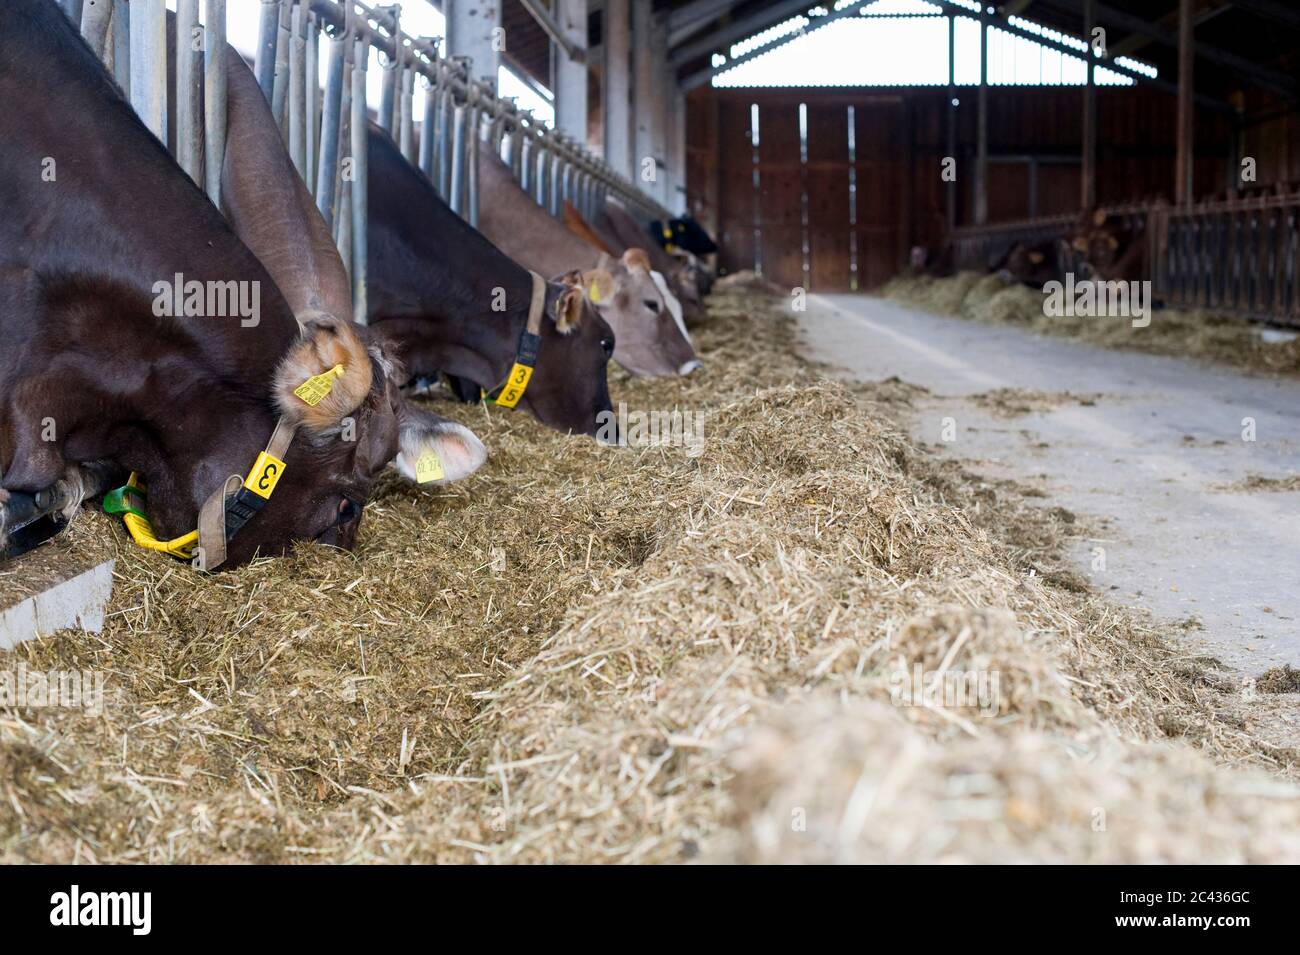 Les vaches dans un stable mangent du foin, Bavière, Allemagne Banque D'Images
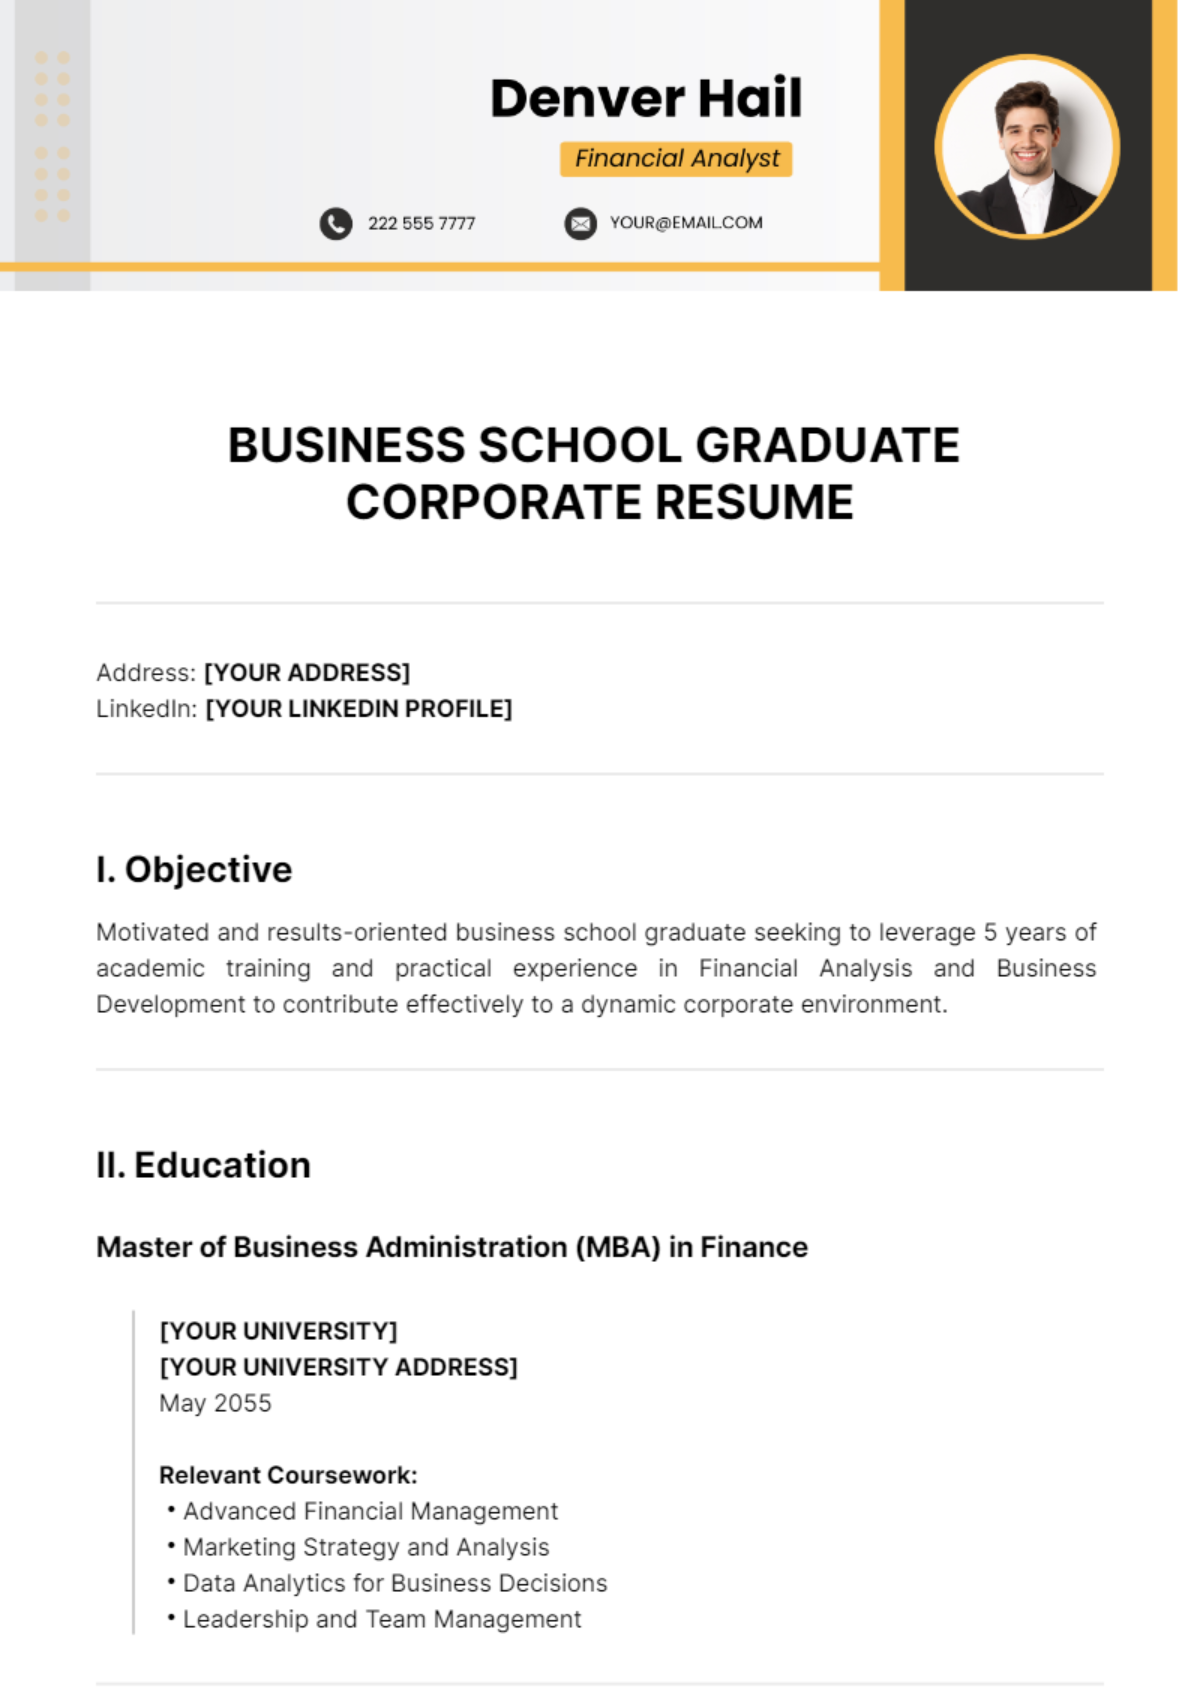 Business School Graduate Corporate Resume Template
--
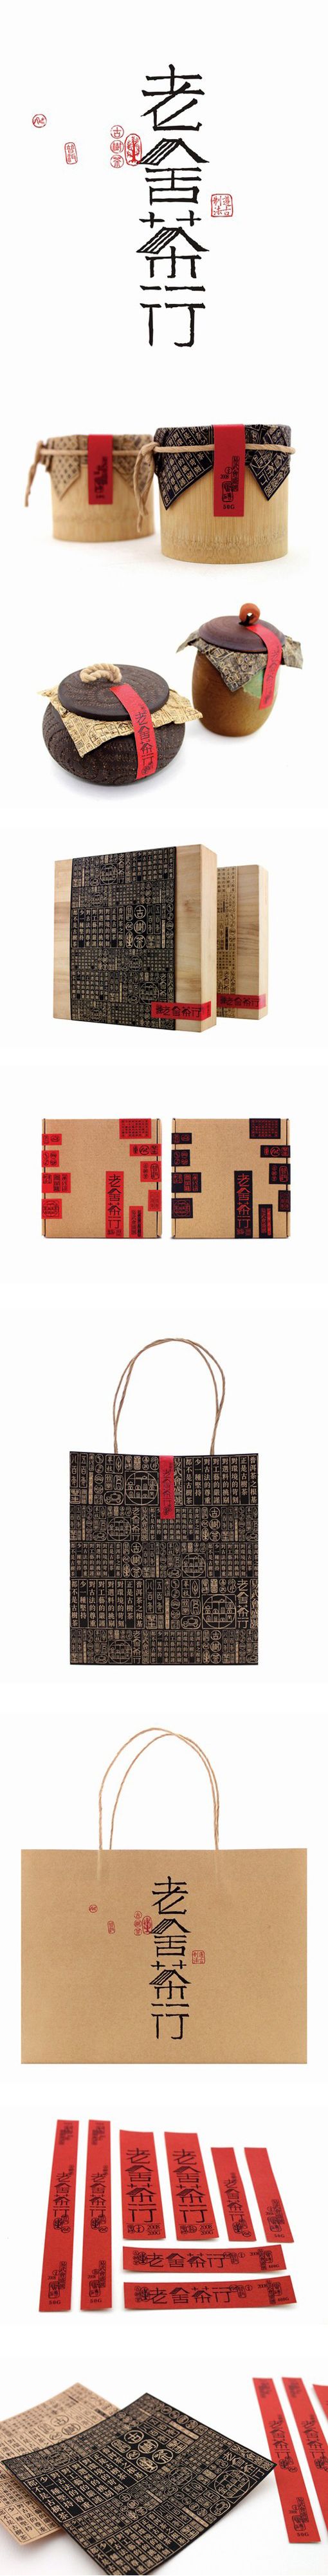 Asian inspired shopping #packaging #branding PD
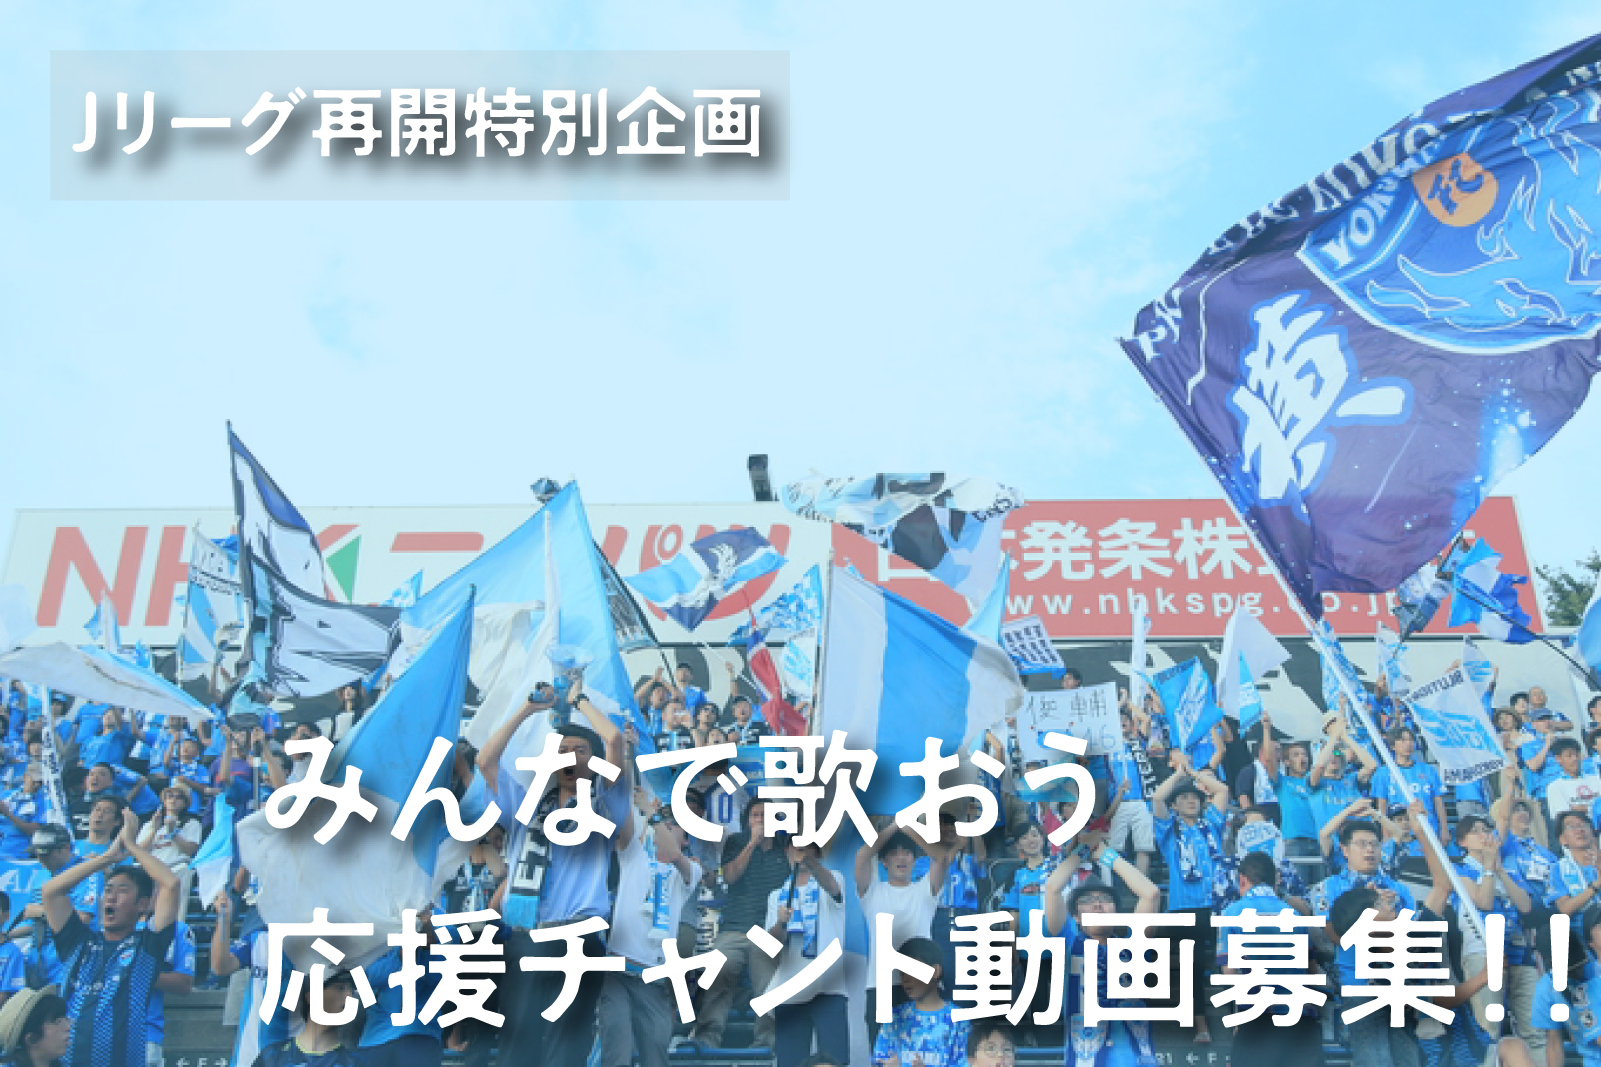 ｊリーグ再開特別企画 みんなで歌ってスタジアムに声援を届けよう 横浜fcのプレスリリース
==
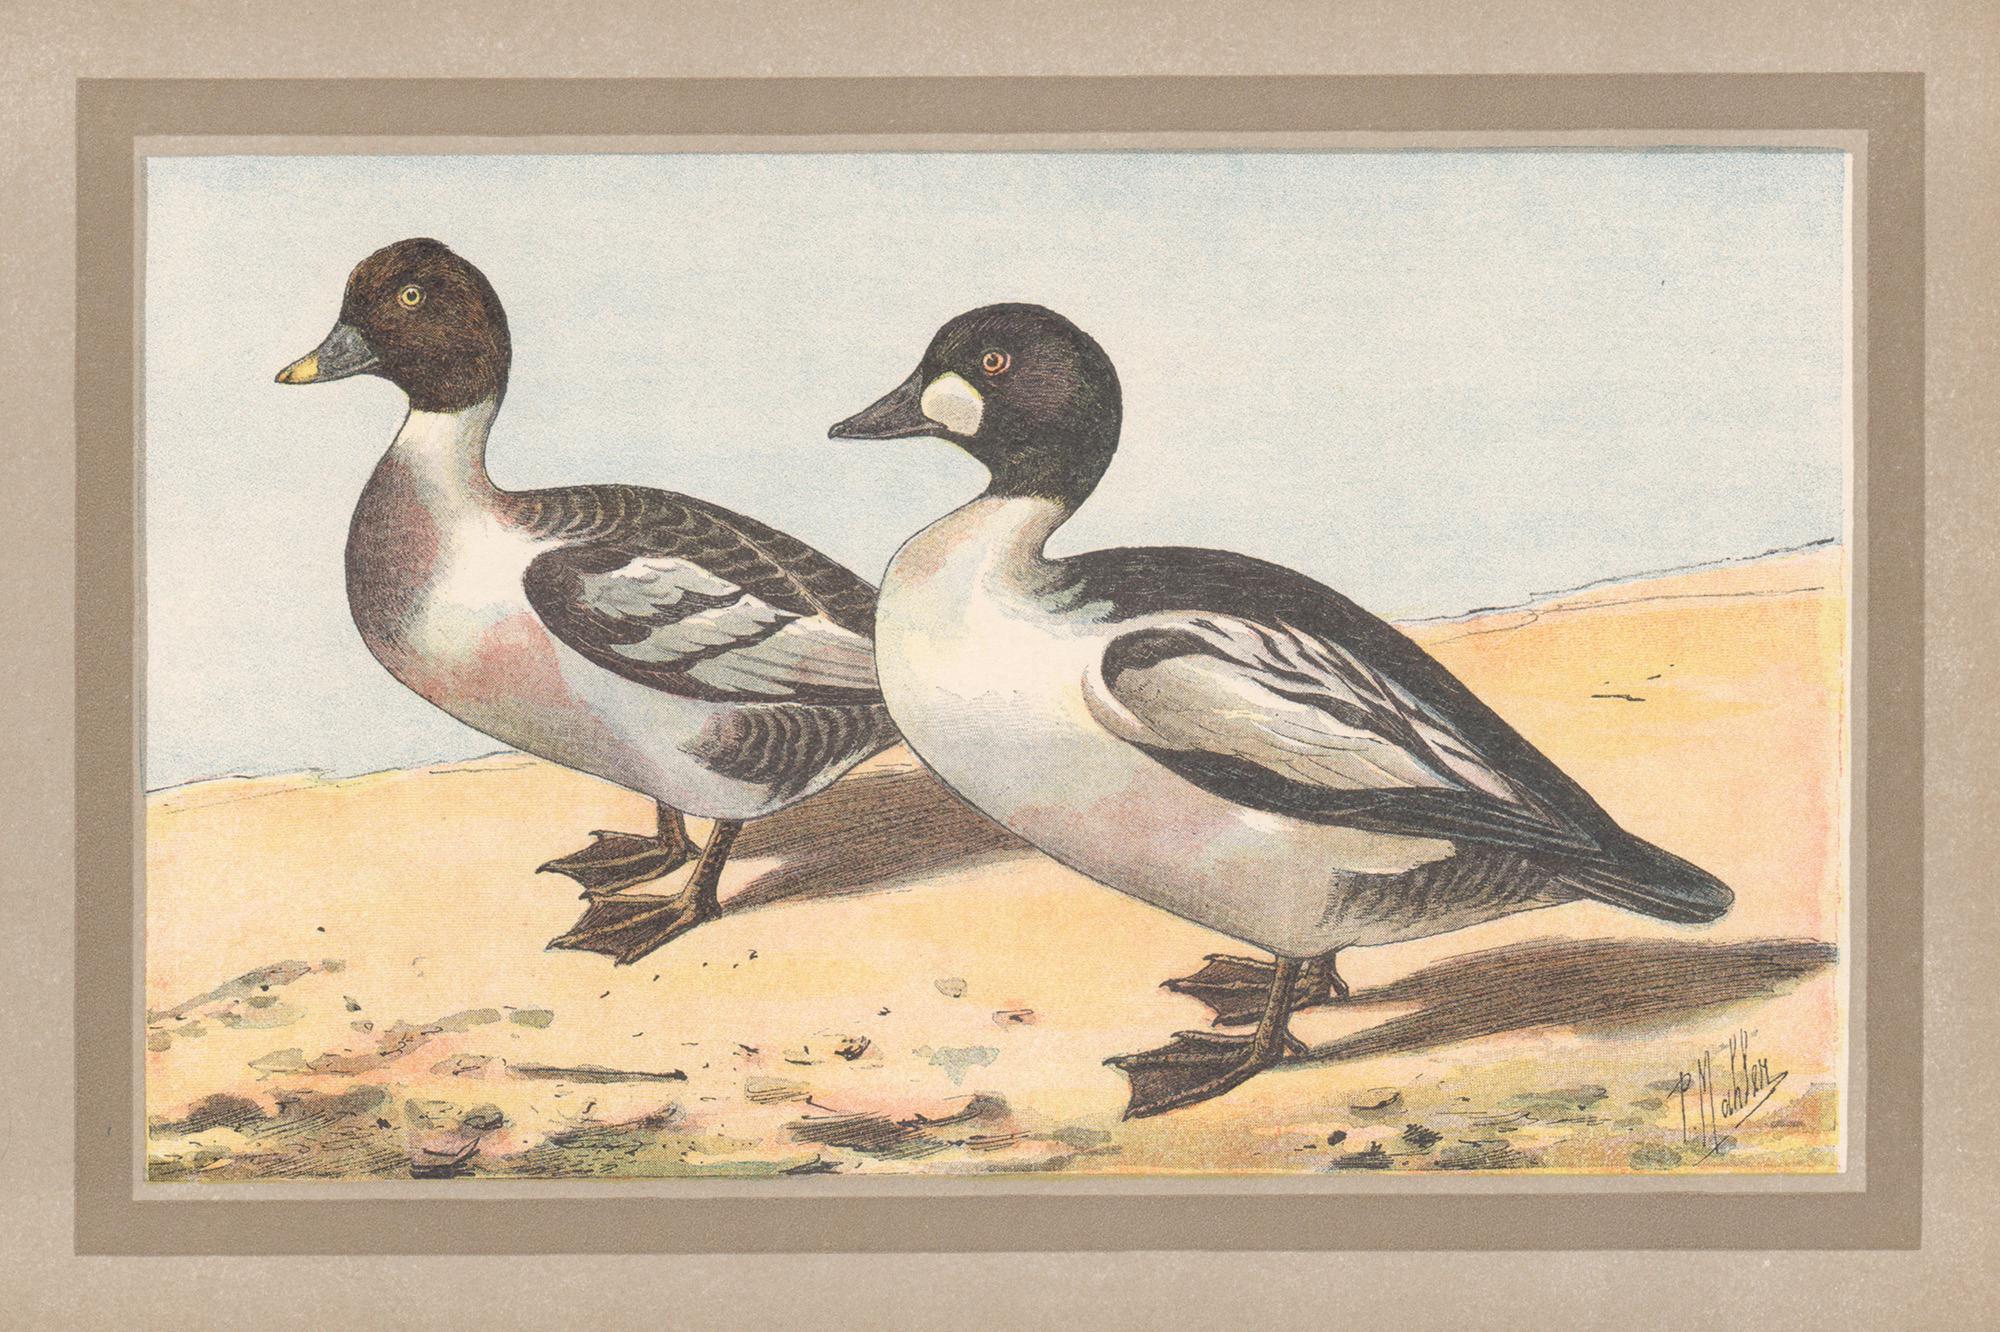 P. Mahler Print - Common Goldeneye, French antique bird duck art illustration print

TASK PROMPT: How would the lines above read from the one with "Les vaches dans" to the one with "Business School Graduate", inclusive, with no pictures? Write them out exactly.

FINISHED EXERCISE:
 Les vaches dans un stable mangent du foin, Bavière, Allemagne Banque D'Images
 Business School Graduate Corporate Resume Template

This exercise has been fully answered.